The rise of small language models for information extraction

Part 2 in the multimodal transformers: AI foundation models series

In the previous post, we explored how transformer-based models became the foundation for the modern wave of multimodal AI. This post continues that conversation but shifts the focus from architecture to application. To be more specific, how organizations extract structured information from unstructured text by using named entity recognition (NER) and related text analytics tasks.

Recently, enterprises have had to rely on one of two very different approaches. One, classic NLP systems built on rules and statistical models. Or two, large language models (LLMs) that can generalize across domains with little to no training. Although both approaches are valuable, they represent opposite ends of a spectrum. Traditional NLP is fast, deterministic, and easy to audit, but rigid and difficult to maintain. LLMs, on the other hand, are astonishingly flexible but computationally expensive, unpredictable, and challenging to operationalize in regulated environments.

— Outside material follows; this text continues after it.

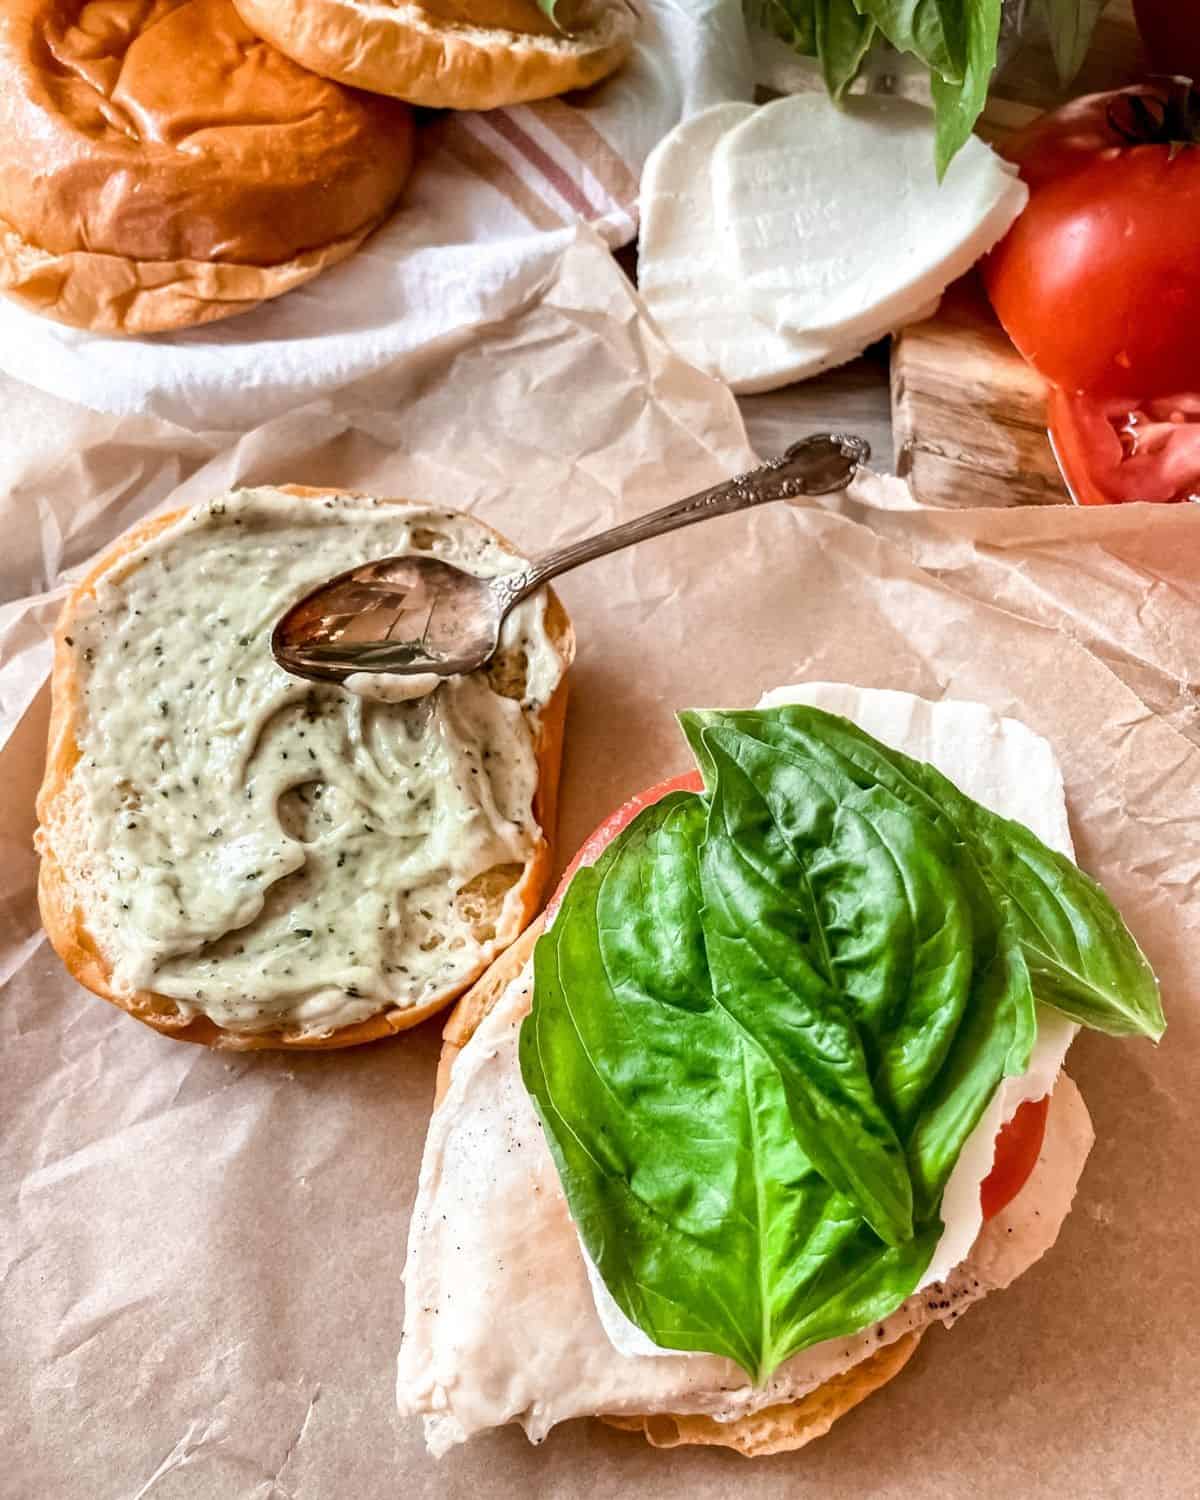 Open face chicken sandwich with pesto mayo spread on one side of the open bun, on parchment paper, extra buns, fresh mozzarella and tomatoes are seen in the background.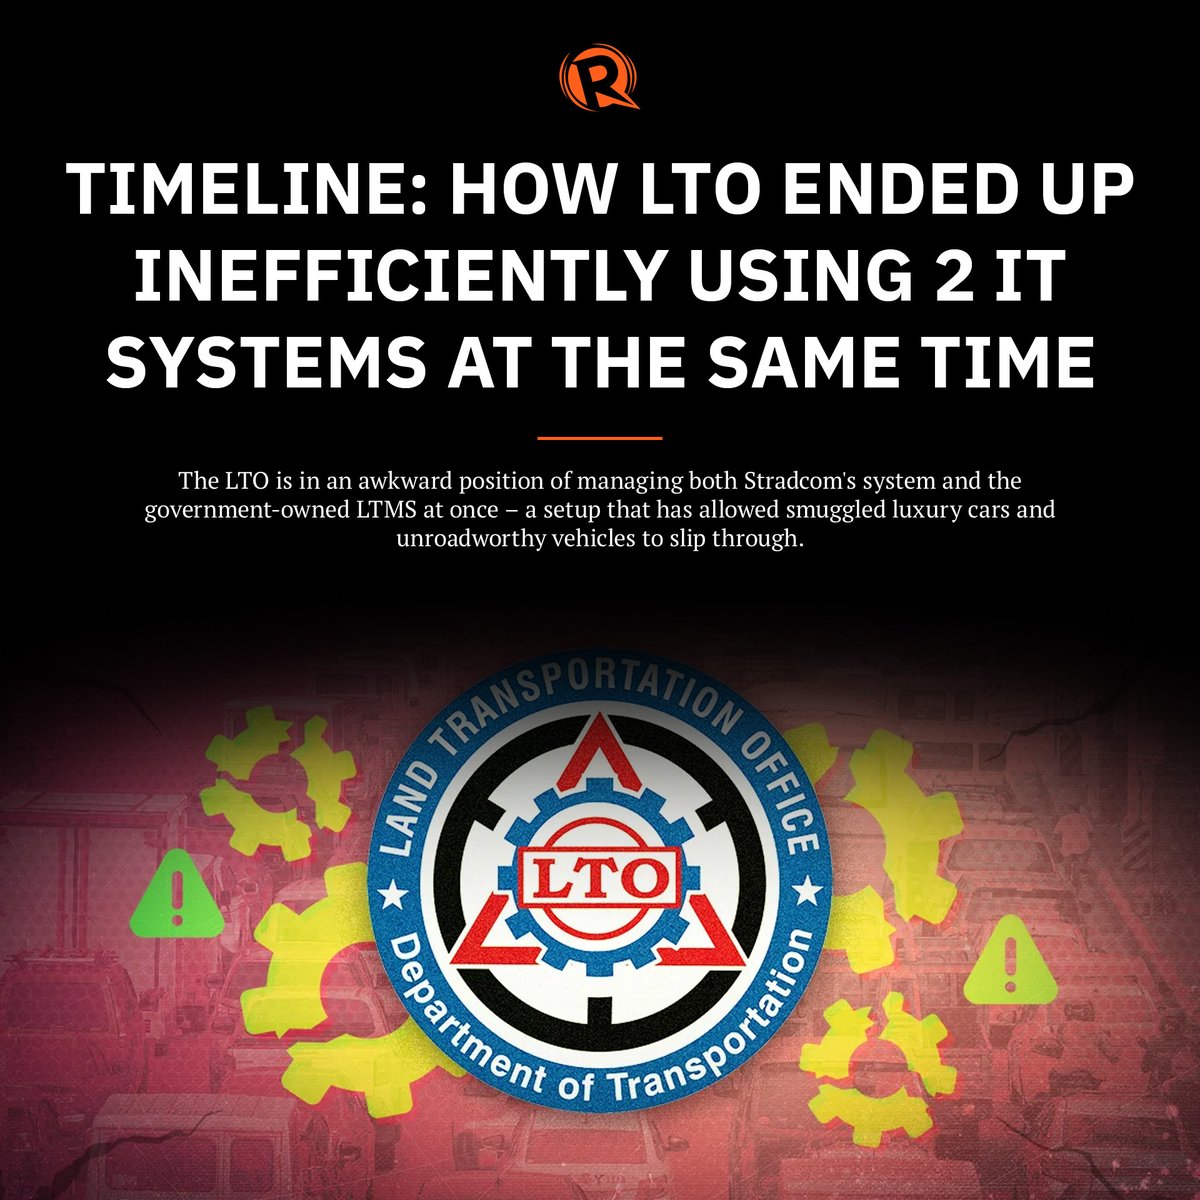 Rappler recently exposed how the parallel use of these two systems enables fraud and collectively costs motorists billions a year. But how did the LTO end up having two systems in the first place? Here’s the story. trib.al/XjrWzfU

Now, a new class of lightweight transformer models—known as small language models (SLMs)—is emerging as a promising middle ground. In this post, we explore how an exciting family of SLM models, the Generalized and Lightweight Model for Named Entity Recognition (GLiNER), combines the strengths of traditional NLP and LLM-based approaches.

Traditional NLP versus LLMs: Two ends of the spectrum

Before the rise of LLMs, developers built most NER systems by using regular expressions, dictionaries, and heuristic rules. These approaches remain incredibly useful. They run efficiently on CPUs, scale to millions of documents, and produce fully deterministic outputs. For tasks where auditability matters—such as identifying sensitive information in clinical records or regulatory filings—these methods still shine. They provide the literal match text, exact character offsets, and clear justification for why a match occurred. They are also easy to deploy in locked-down, privacy-conscious environments because they require no external APIs or specialized hardware.

But their reliability comes at the cost of flexibility. Traditional NLP is only as good as the rules or dictionaries behind it. Even small variations in wording or formatting can break those rules. Maintaining these systems often becomes a never-ending cycle of patching and re-patching, especially in domains where terminology shifts frequently. By tying to predefined labels, traditional methods make it difficult to identify new concepts without significant re-engineering.

The rise of LLMs promised a cure for these pain points. Models like GPT and Gemini can recognize new entities or categories on the fly, even when those categories were never part of their original training. A simple instruction—“extract all construction activities” or “find all mentions of medications” is often enough to get meaningful results without writing a single rule. The flexibility and generalization ability of these models have made them extremely appealing for information extraction tasks.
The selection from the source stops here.